The  baby’s  hiccups  are believed to be another of baby’s reflexes. Some babies are not just born hiccupers, they are hiccupers even in their mother’s womb. The  chances are that if your baby hicupped a lot in the womb, he will  hiccup  plenty in the first few months after birth too. The new  baby’s hiccups   dont  have a  known  cure  unlike the adult variety,though they frequently triggered by giggling later on. And also unlike the adult hiccups, they   are  not  bothersome , at least not  to the  baby. If   they  are  to  you, try letting your baby nurse or suck on a bottle which may quell the attack.


Q.  Eye discharge in new born

In nearly about 1 out of 5 new babies, a chemical conjunctivitis is seen. This is because silver nitrate drops are instilled into the newborn eyes to prevent a gonococcal infection. This   conjunctivitis is charactered by swelling and a yellowish discharge that disappears by the 4th or 5th day. Many hospitals now prefer to use antibiotic ointment or drops which are less likely to trigger an adverse reaction.
If the swelling and discharge do not clear up, or if conjunctivitis begins any time after the first 24 hrs, an infection should be suspected and a doctor be consulted. Tearing, swelling or infection that begins once you are home from the hospital can also be due to a blocked tear duct.


Q.  My baby has a coating of white curd in the mouth, and if I try to brush away, the mouth bleeds.
A.    The white coating in the mouth of the baby is commonly called Thrush.

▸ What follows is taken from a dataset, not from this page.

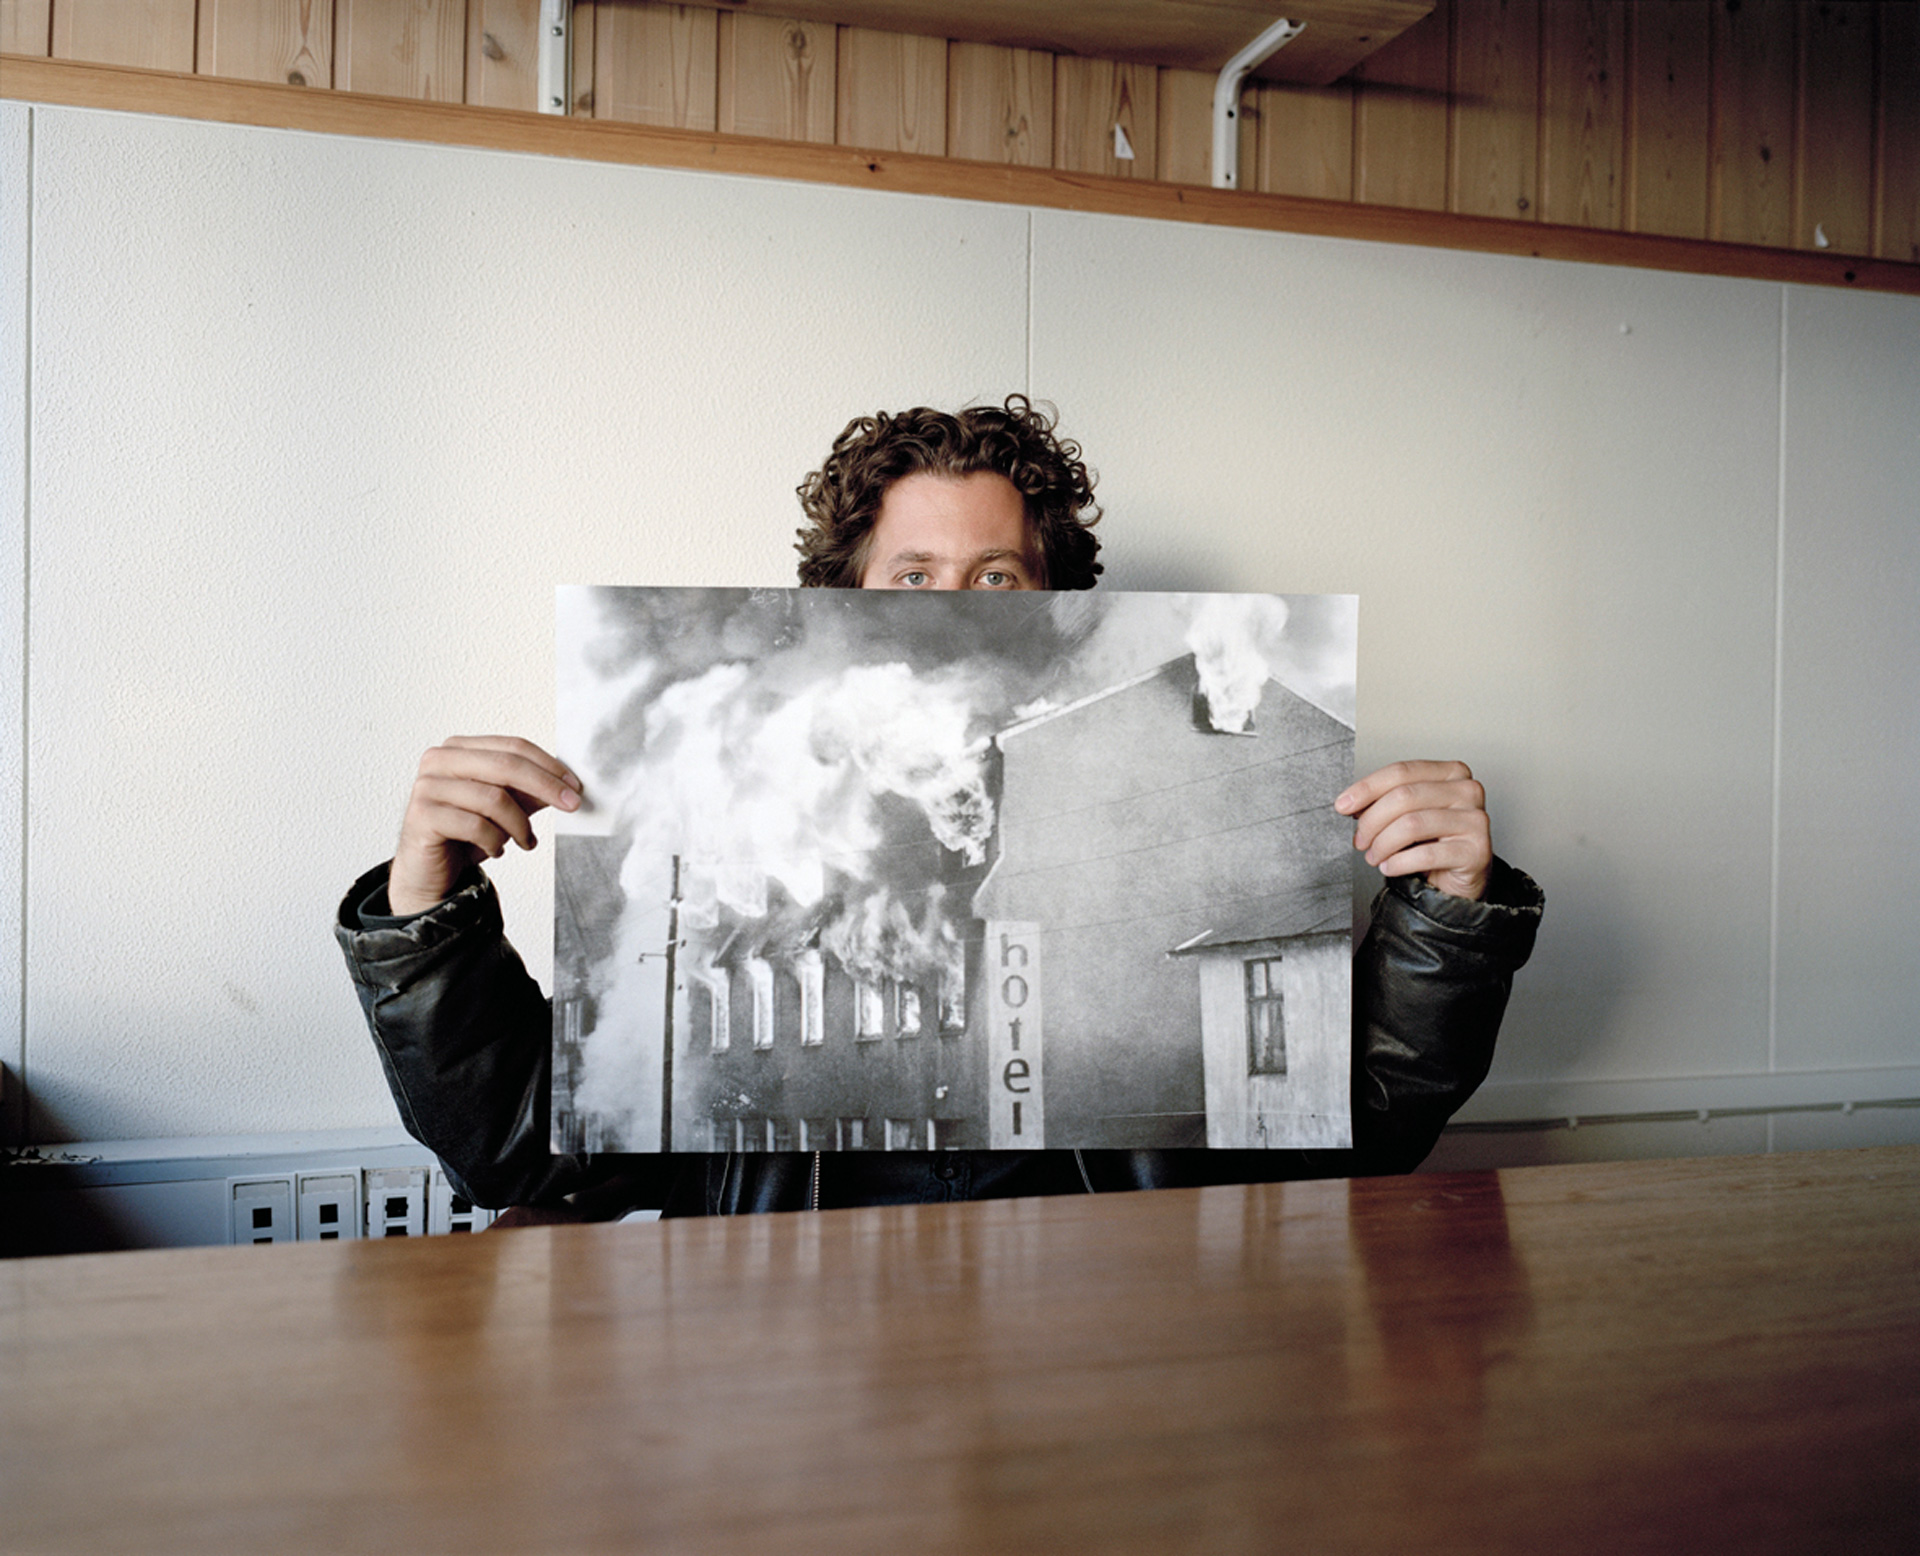 AURELE FERRIER |REYKJAVIK 2009

Thrush is a fungal infection ( monilial infection ) which it acquires from the vaginal canal of the mother during birth. The causitive organism is Candinda Albicas, which is a normal inhabitant of the mouth and vagina. Normally it is kept in check by other microorganisms and it usually does not cause problems. But due to to  certain illness, or intake of antibiotics or hormonal changes, there is a upset in the hormone balance and the conditions become favourable for the fungus to grow and cause symptons of infection.
Thrush appears in elevated white patches that look like cottage  cheese or milk curds on the inside of babies cheeks and sometimes on the tongue, roof of the mouth and gums. If the patches are wiped, a red raw area is exposed and there may be bleeding. Thrush is most common in newborns, but occasionally an older baby taking antibiotics will be infected. The yeast infection itself is not dangerous, but it is painful and can interfere with the baby's feeding. A doctor should be called if one suspects thrush infection.

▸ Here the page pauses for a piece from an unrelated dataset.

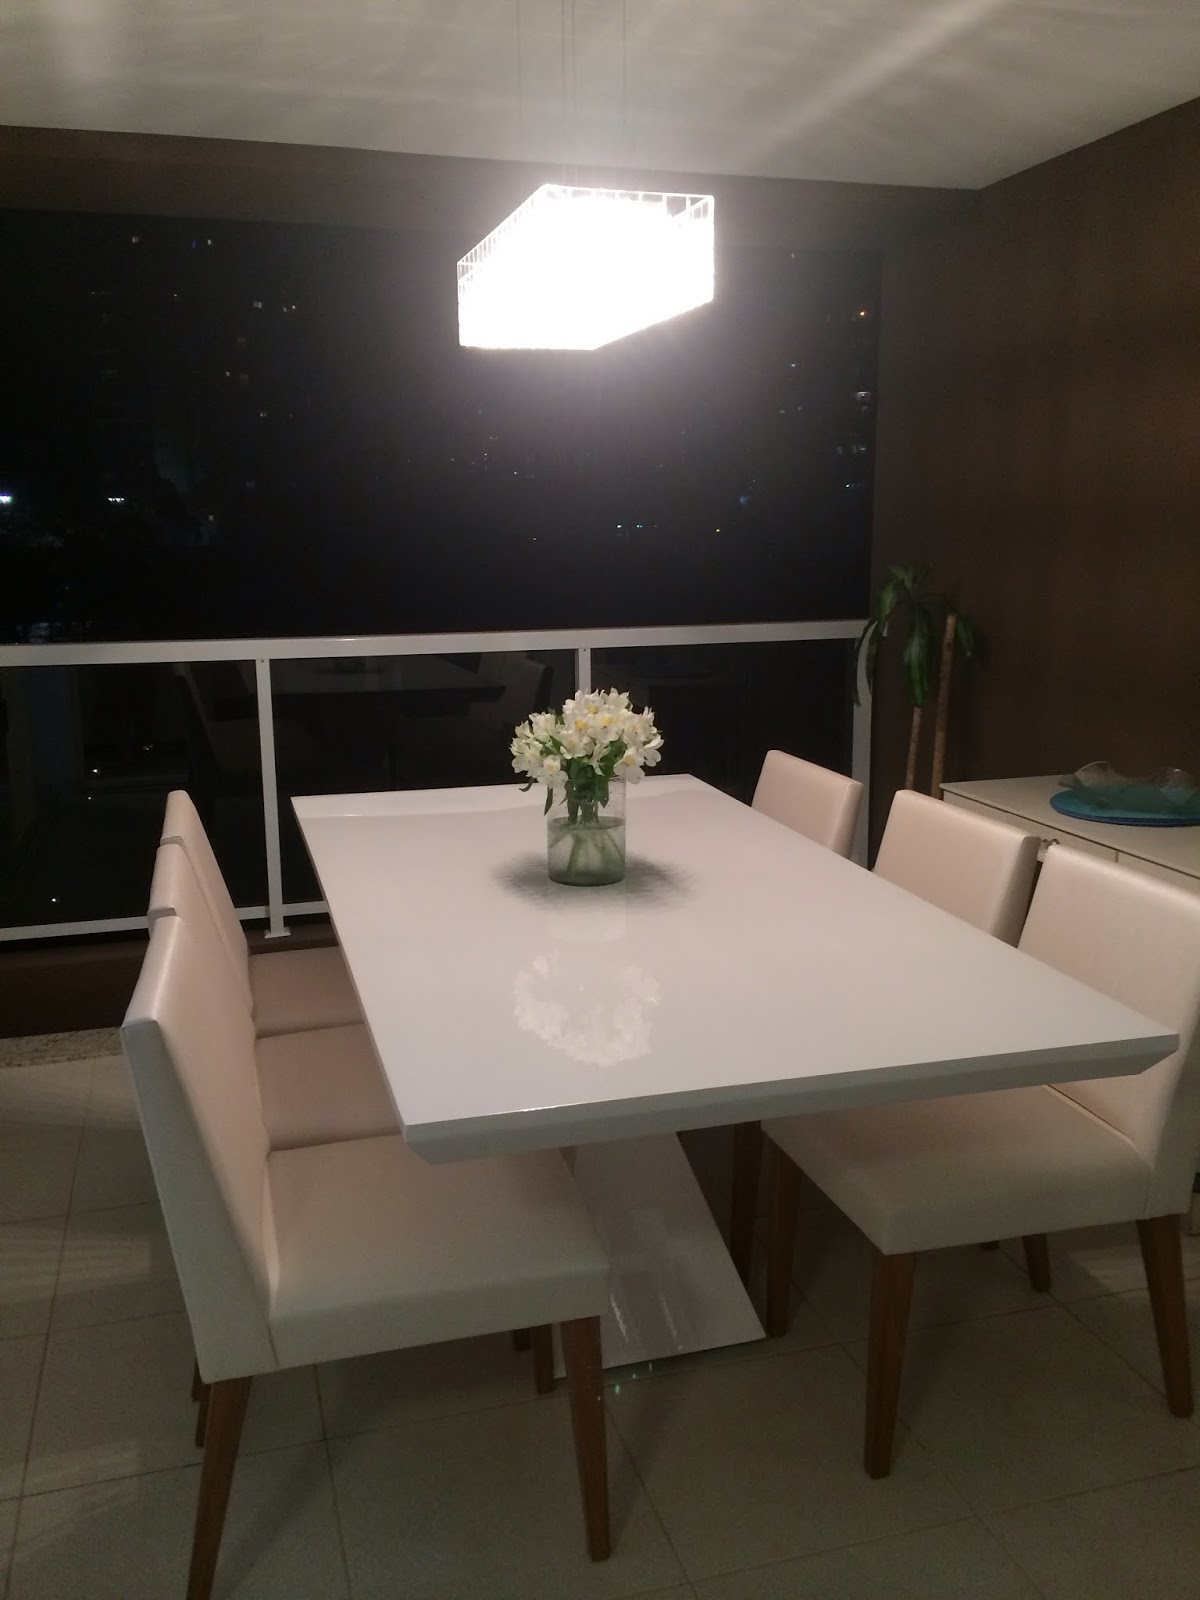 Cadeira Para Sala De Jantar Branca ~  Mesa de Jantar em resina sob medida varios modelos e cores Branca

Q. My son is born with undescended testicles. Is there any cause for worry ?
A. The testicles  in the  males and the ovaries in the females babies develop in the foetal  abdomen from  the   same embroynic tissue. By the 8th month of gestation, the testicles descend to the scrotum sac at the base of penis. But in 3-4% of the full term babies and 1/3 of the pre-term babies, the testicles  do not  descend  and the result is undescended   testicles. The  diagnosis of  undescended   testicles  is made  only  when  one  or  both the testicles are not observed in the scrotum, even  when  the  body  is   in  a  warm bath. An undescended testicle  causes  no   pain  or  any  difficulty  in  urination. Normally undescended testicles descend in the scrotum  on its  own by the age of 1 year. In  rare cases, 3-4  boys  out  of a 1000  may  persist to have  the  testicles , and  then  surgery  is  recommended   which  is successful.